## COLLECTED DATA:
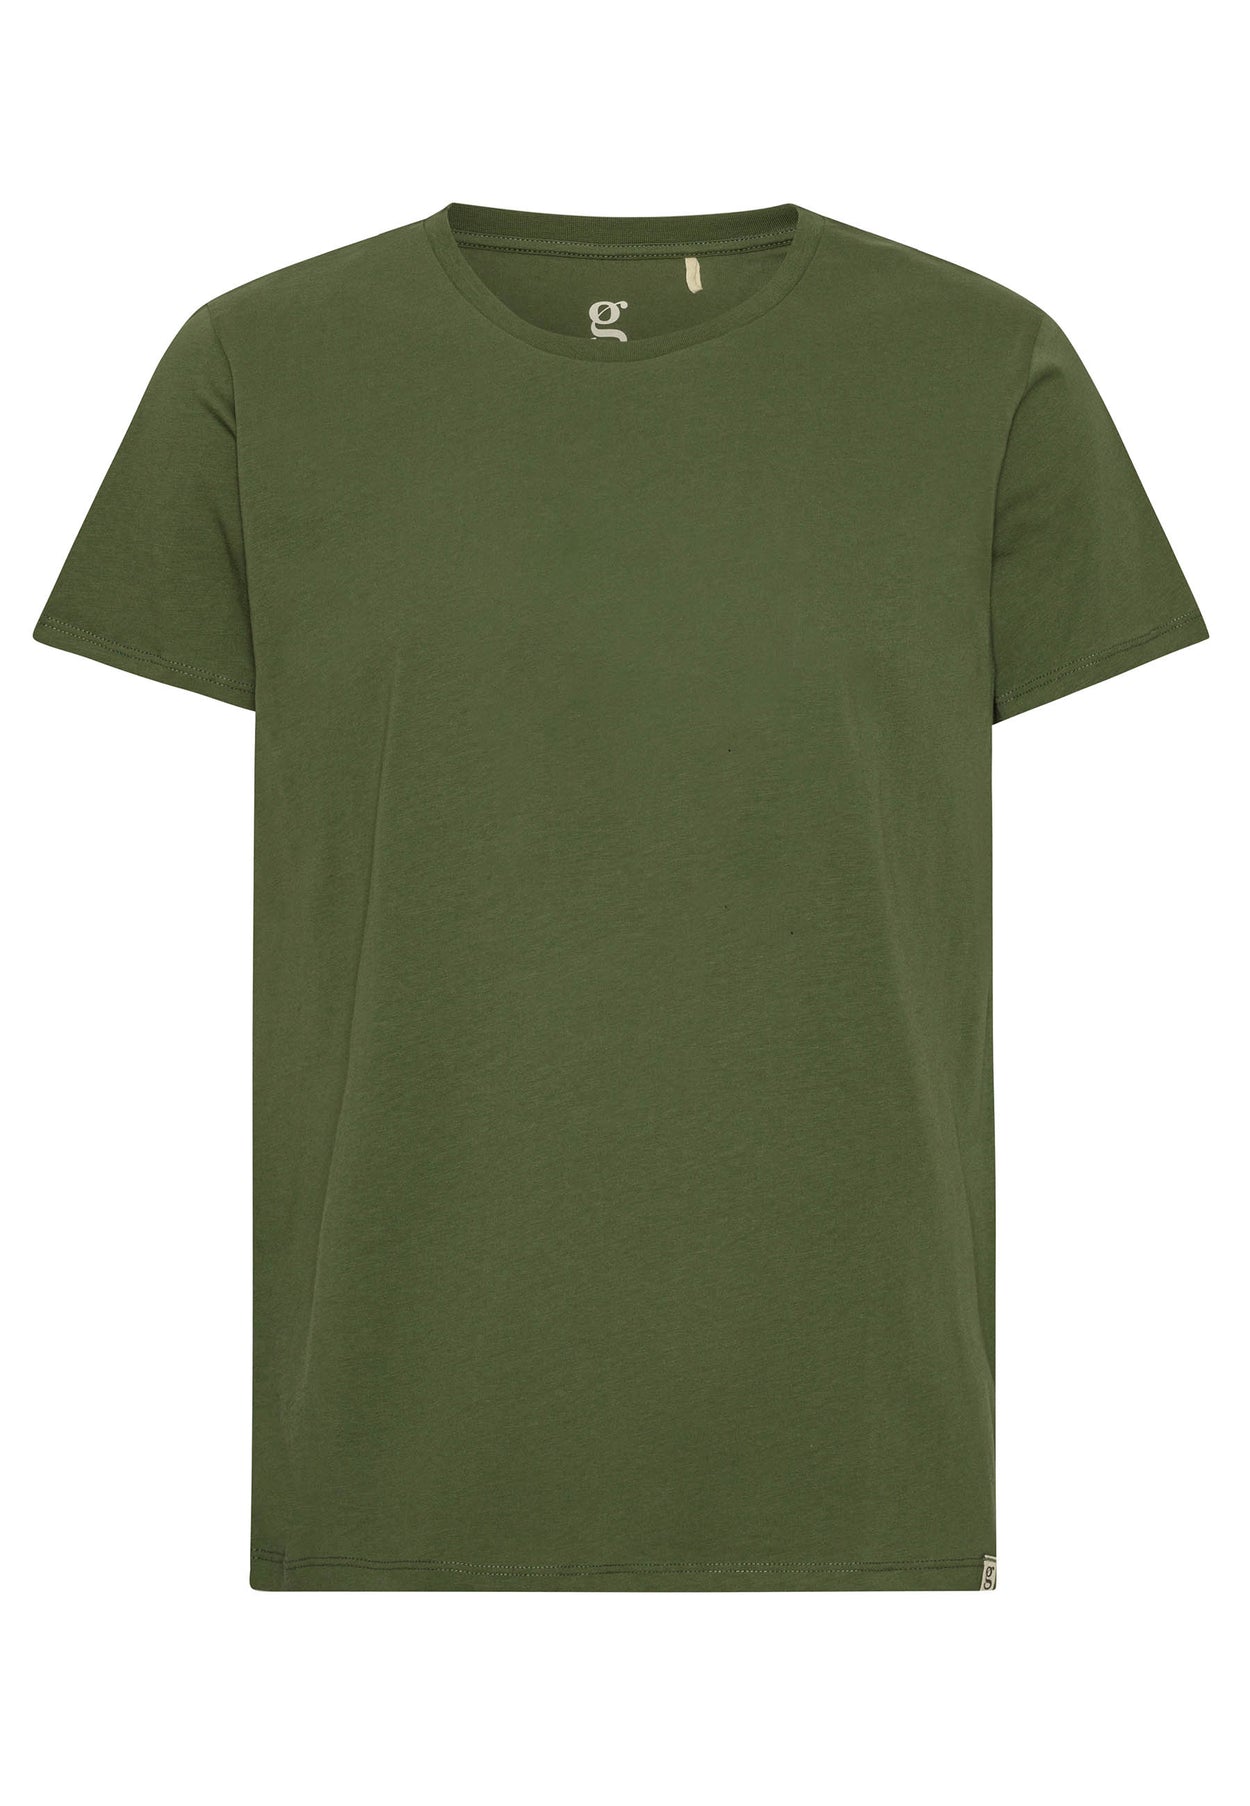 GROBUND Alfie t-shirte - den i mosgrøn
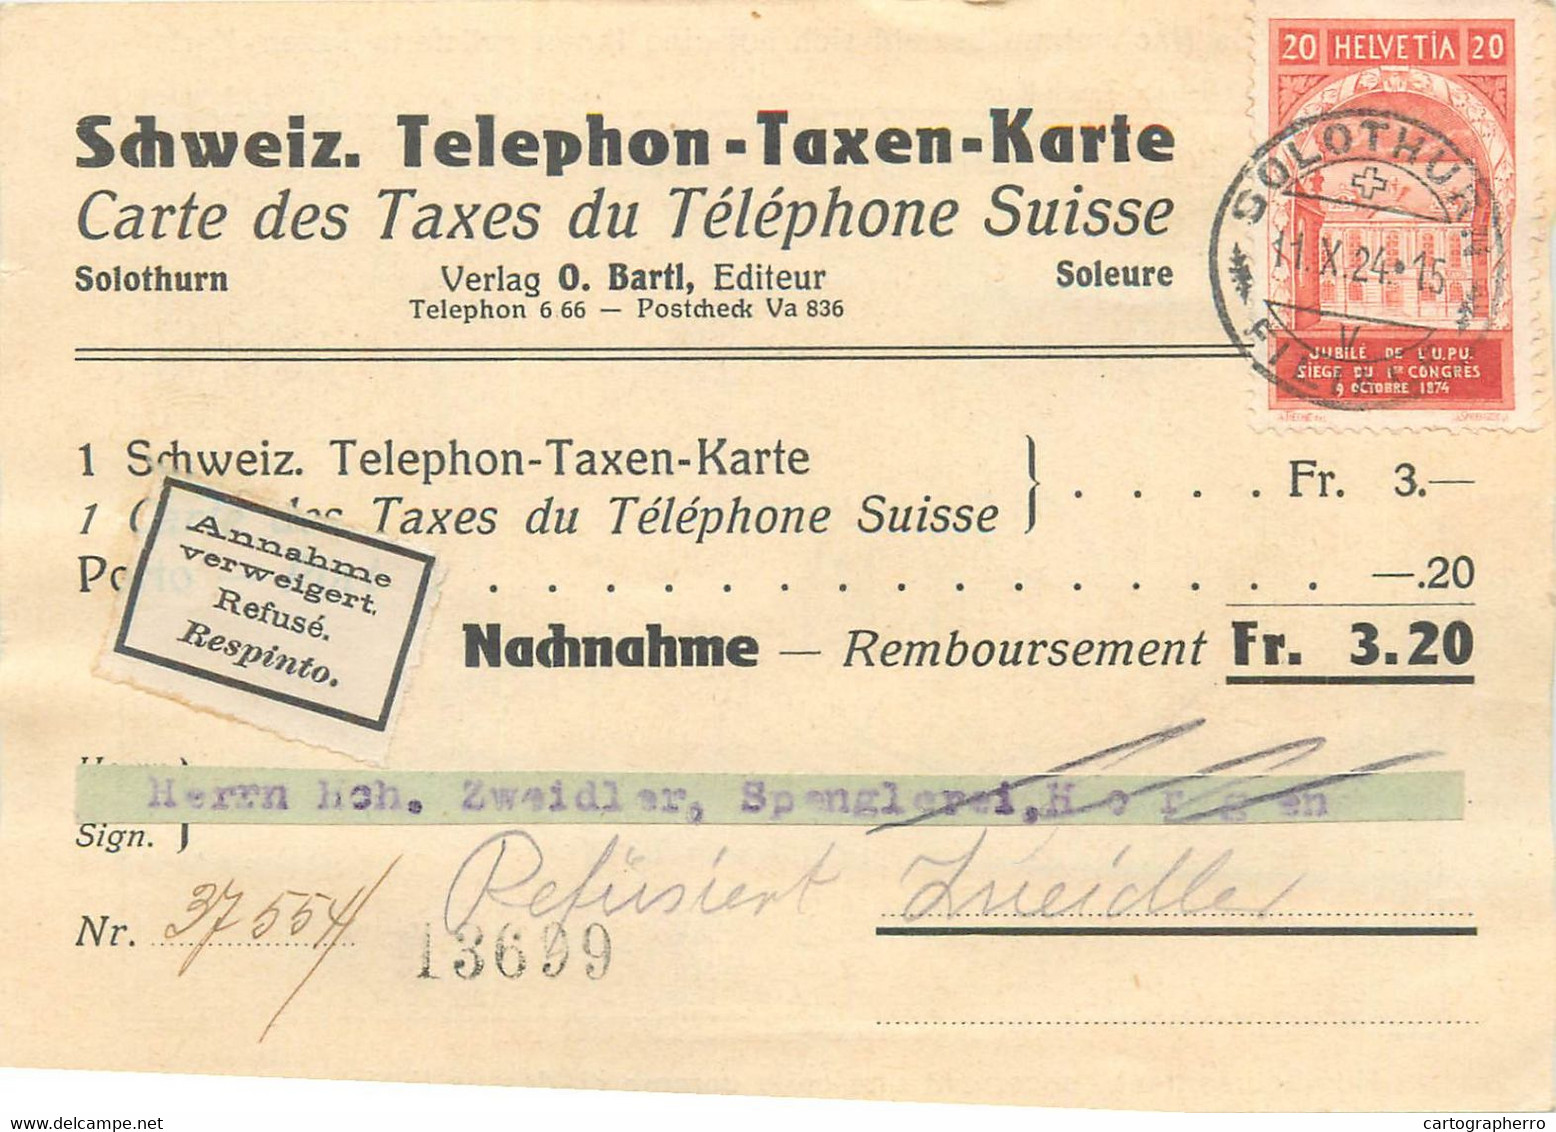 Carte Des Taxes Du Telephone Suisse 1924 Schweiz Telephon Taxen Karte Solothurn Switzerland Map - Telegraph
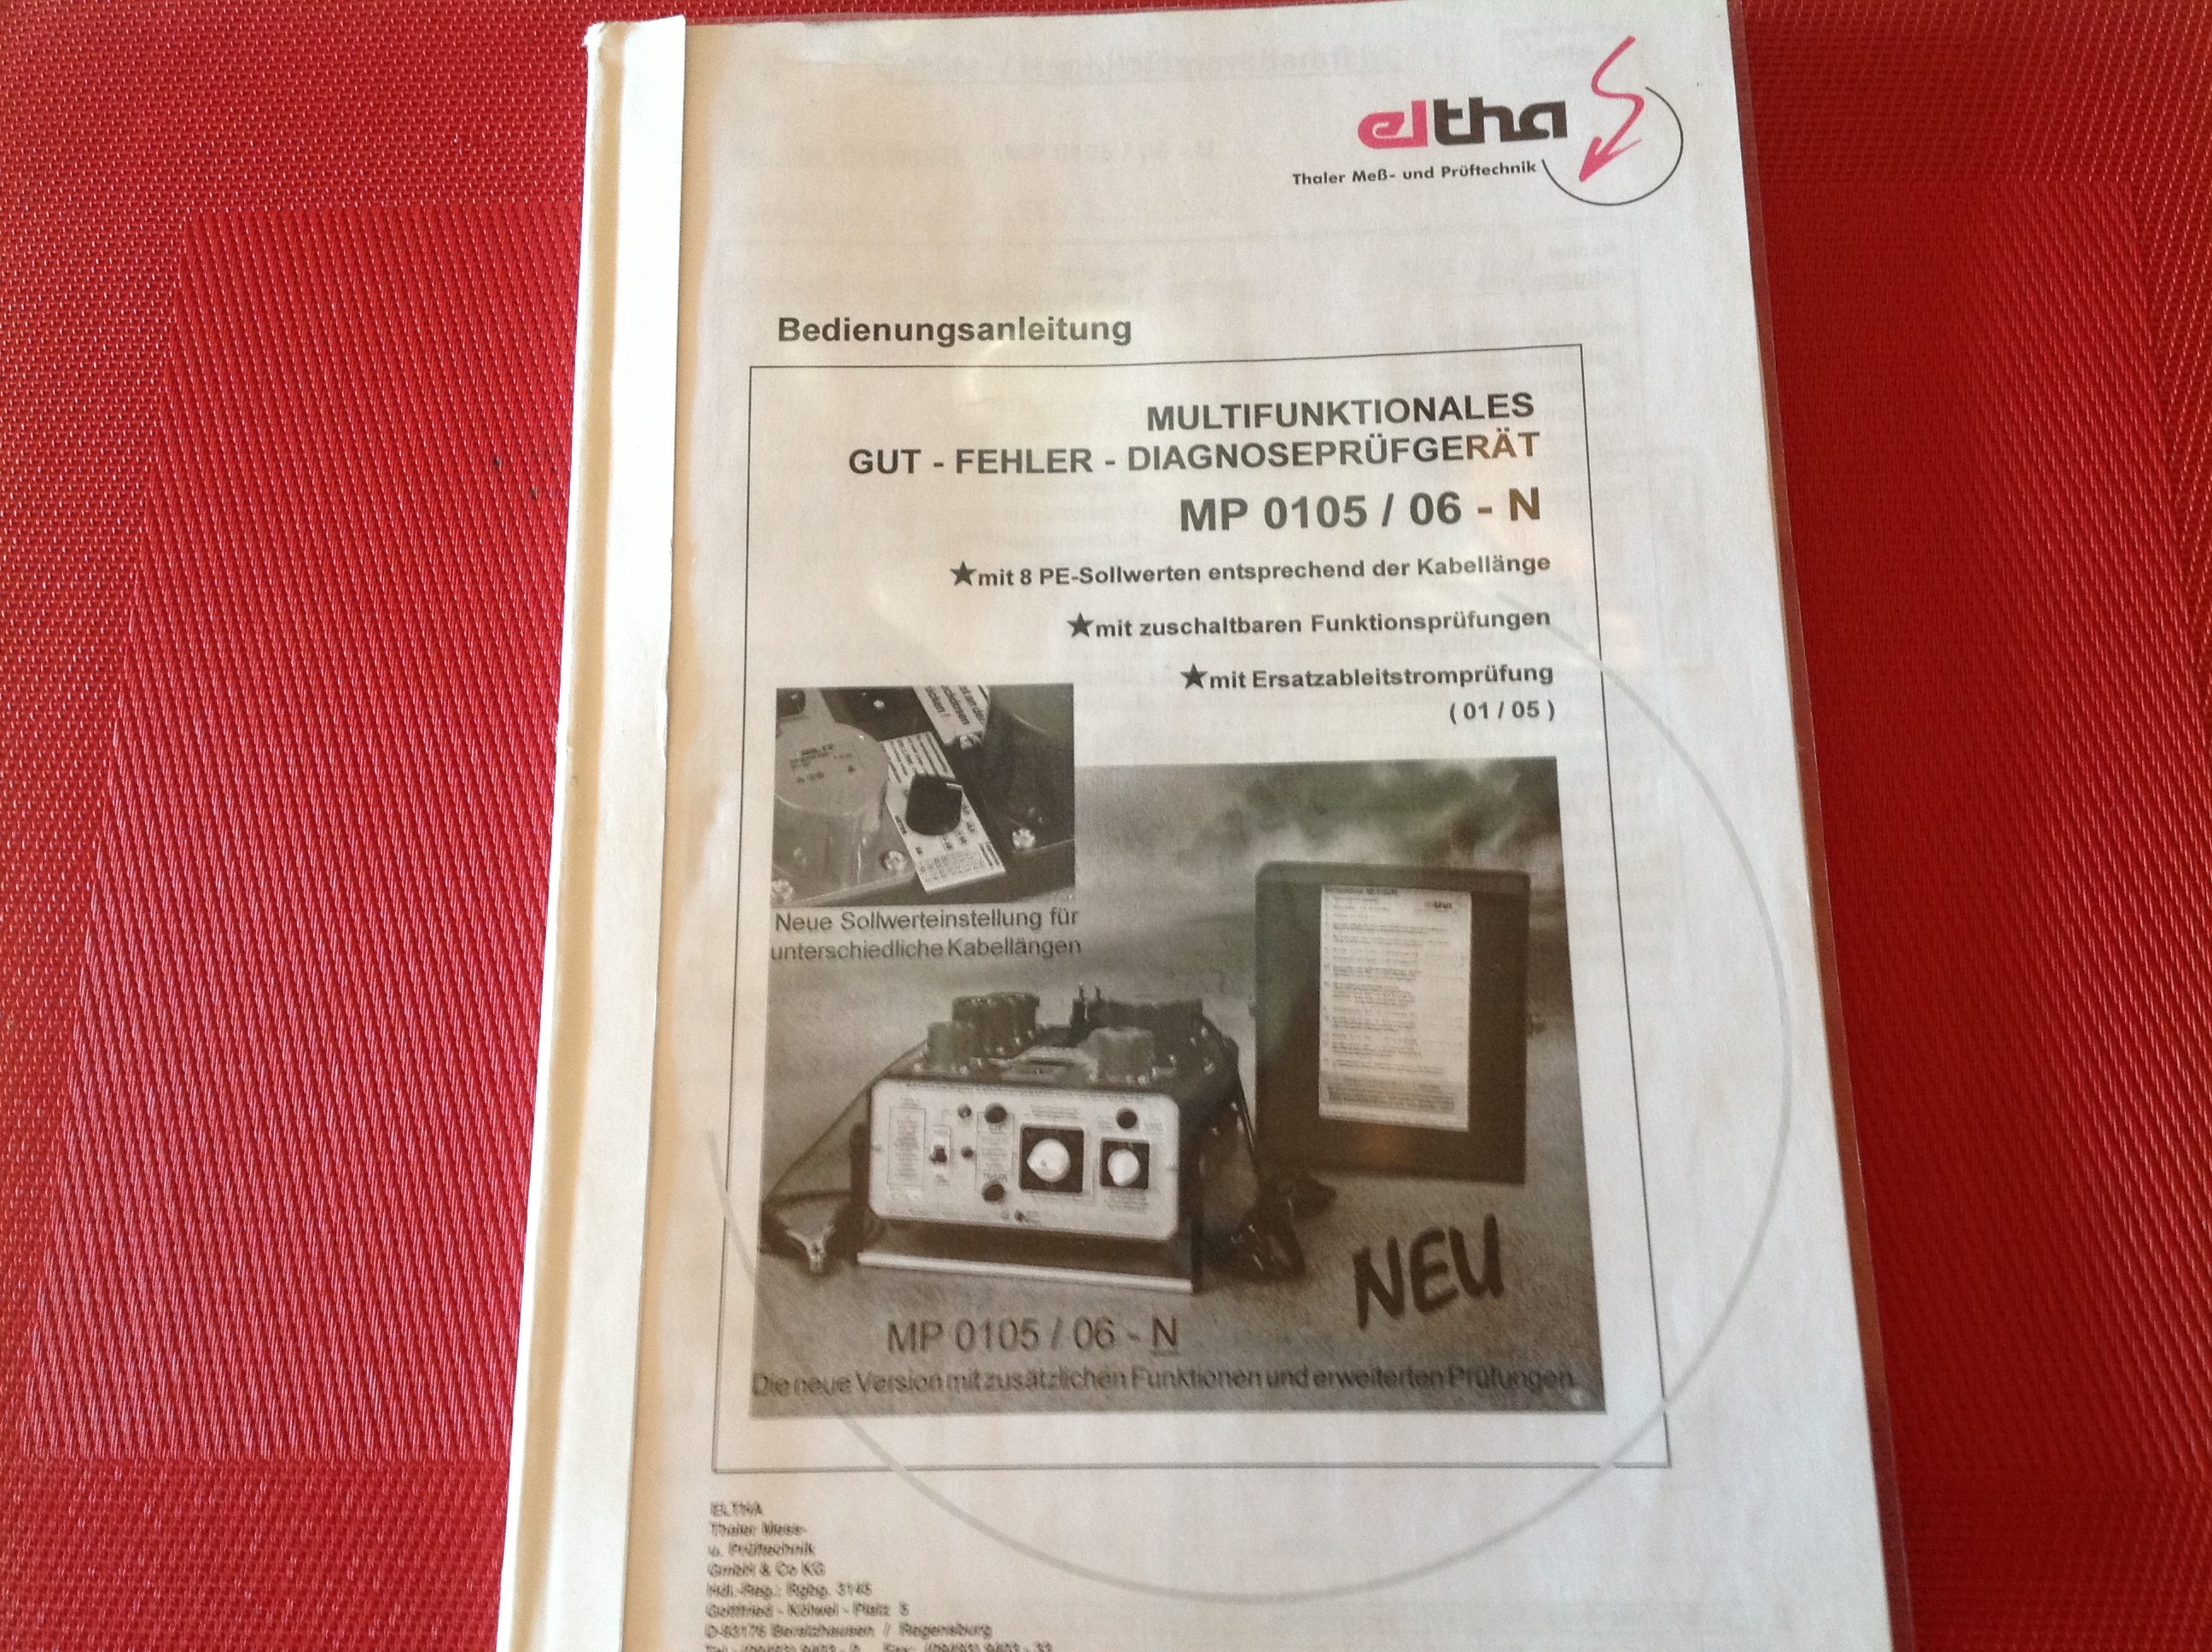 Eltha Multifunktionales Gut-Fehler-Diagnoseprüfgerät MP 0105/06-N

## WHAT IS NEEDED:
Nothing but the lines from the one holding "Carte Des Taxes" through the last line of the listing should appear in the answer, copied exactly and without pictures.

## RESPONSE:
 Carte Des Taxes Du Telephone Suisse 1924 Schweiz Telephon Taxen Karte Solothurn Switzerland Map - Telegraph
 Eltha Multifunktionales Gut-Fehler-Diagnoseprüfgerät MP 0105/06-N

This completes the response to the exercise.